An der schlechten Arbeitsmoral der Westberliner Einsatzkräfte hat sich nichts verändert. Sie erfüllen ihre Aufgaben zumeist lustlos und nachlässig und verbringen die Zeit mit Skat- oder Schachspielen. In der Passierscheinstelle Reinickendorf/Scharnweber Straße wurden am 24.10.1964 von den Senatsangestellten wiederum größere Mengen Alkohol getrunken, sodass einige sich in einem stark angetrunkenen Zustand befanden. Am 26.10.1964 waren in der Passierscheinstelle Reinickendorf/Thurgauer Straße ähnliche Erscheinungen zu verzeichnen. Zu Provokationen oder Störungen im Arbeitsablauf kam es dabei jedoch nicht.
Lediglich in zwei Fällen versuchten die West-Angestellten, sich in den Arbeitsablauf einzuschalten. So versuchte in der Passierscheinstelle Wedding/Müllerstraße der Senats-Vertreter [Name] zweimal Passierscheine aus den Kästen zu nehmen, um sich zu informieren. In der Passierscheinstelle Charlottenburg/Joachimsthaler Straße versuchte ebenfalls ein Westberliner Angestellter, Passierscheine aus den Karteikästen herauszunehmen. Dies wurde in beiden Fällen energisch unterbunden.
Am 24.10.1964 weilte der Bezirks-Bürgermeister von Kreuzberg, Abendroth2 für kurze Zeit in der Passierscheinstelle Urbanstraße, wo er sich über den Arbeitsablauf informierte.

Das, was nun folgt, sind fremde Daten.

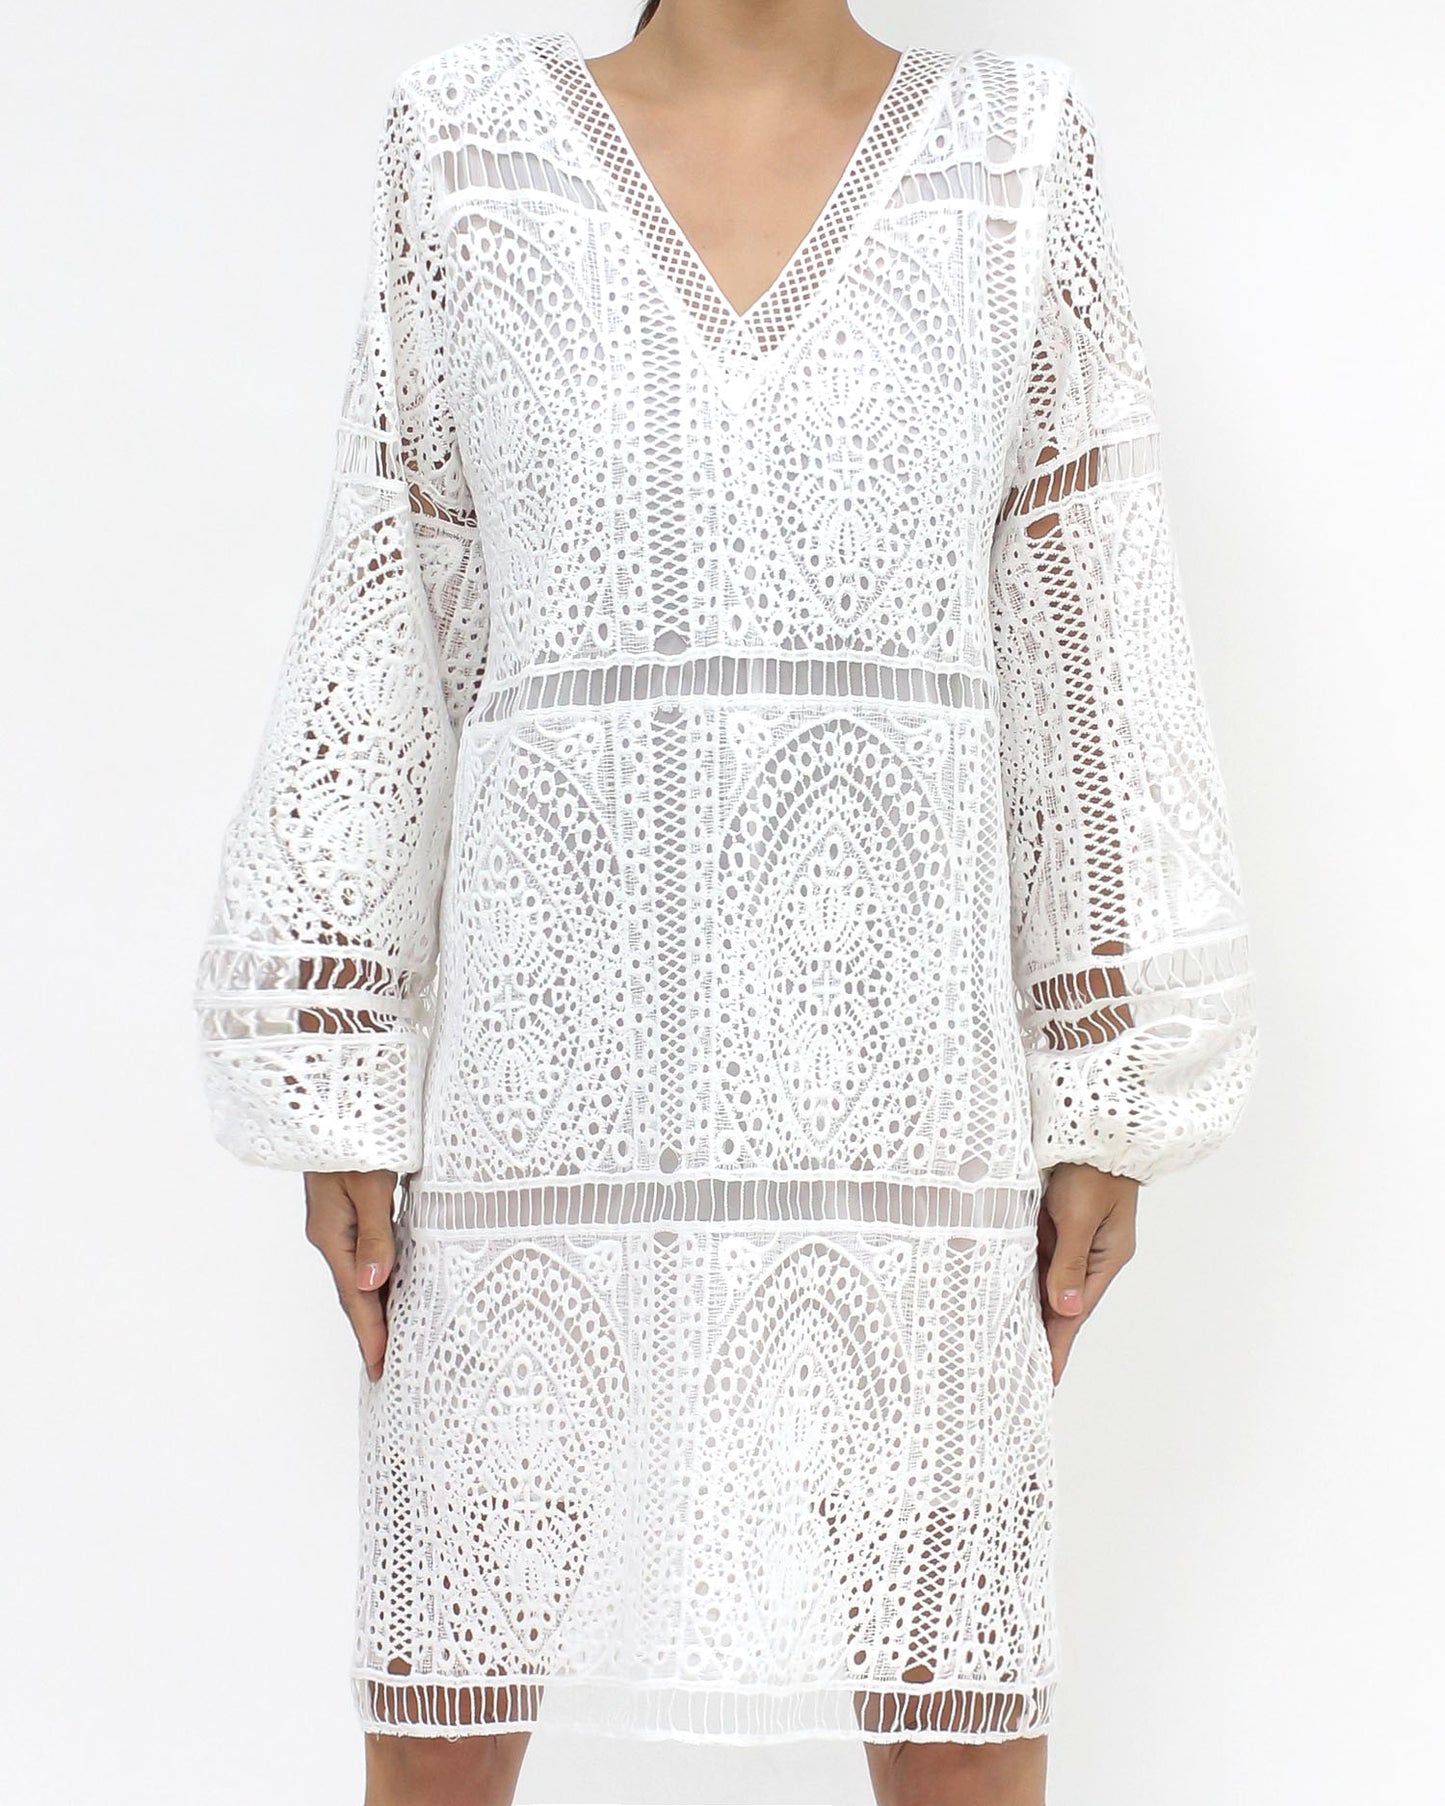 ivory crochet tie-up back cover up dress *pre-order*

In der Passierscheinstelle für dringende Familienangelegenheiten in Wilmersdorf wurden am 24.10.1964 für besonders dringende Fälle sechs und am 26.10.1964 zwei Passierscheine sofort ausgestellt. Dazu äußerte am 24.10.1964 der Leiter der Westberliner Postangestellten, dass er über diese Verbesserung und unbürokratische Abfertigung bei außergewöhnlichen Familienfällen nicht offiziell seitens des Westberliner Senats informiert worden sei. Er habe jedoch darüber in der Westberliner Presse gelesen und dagegen keinerlei Einwände.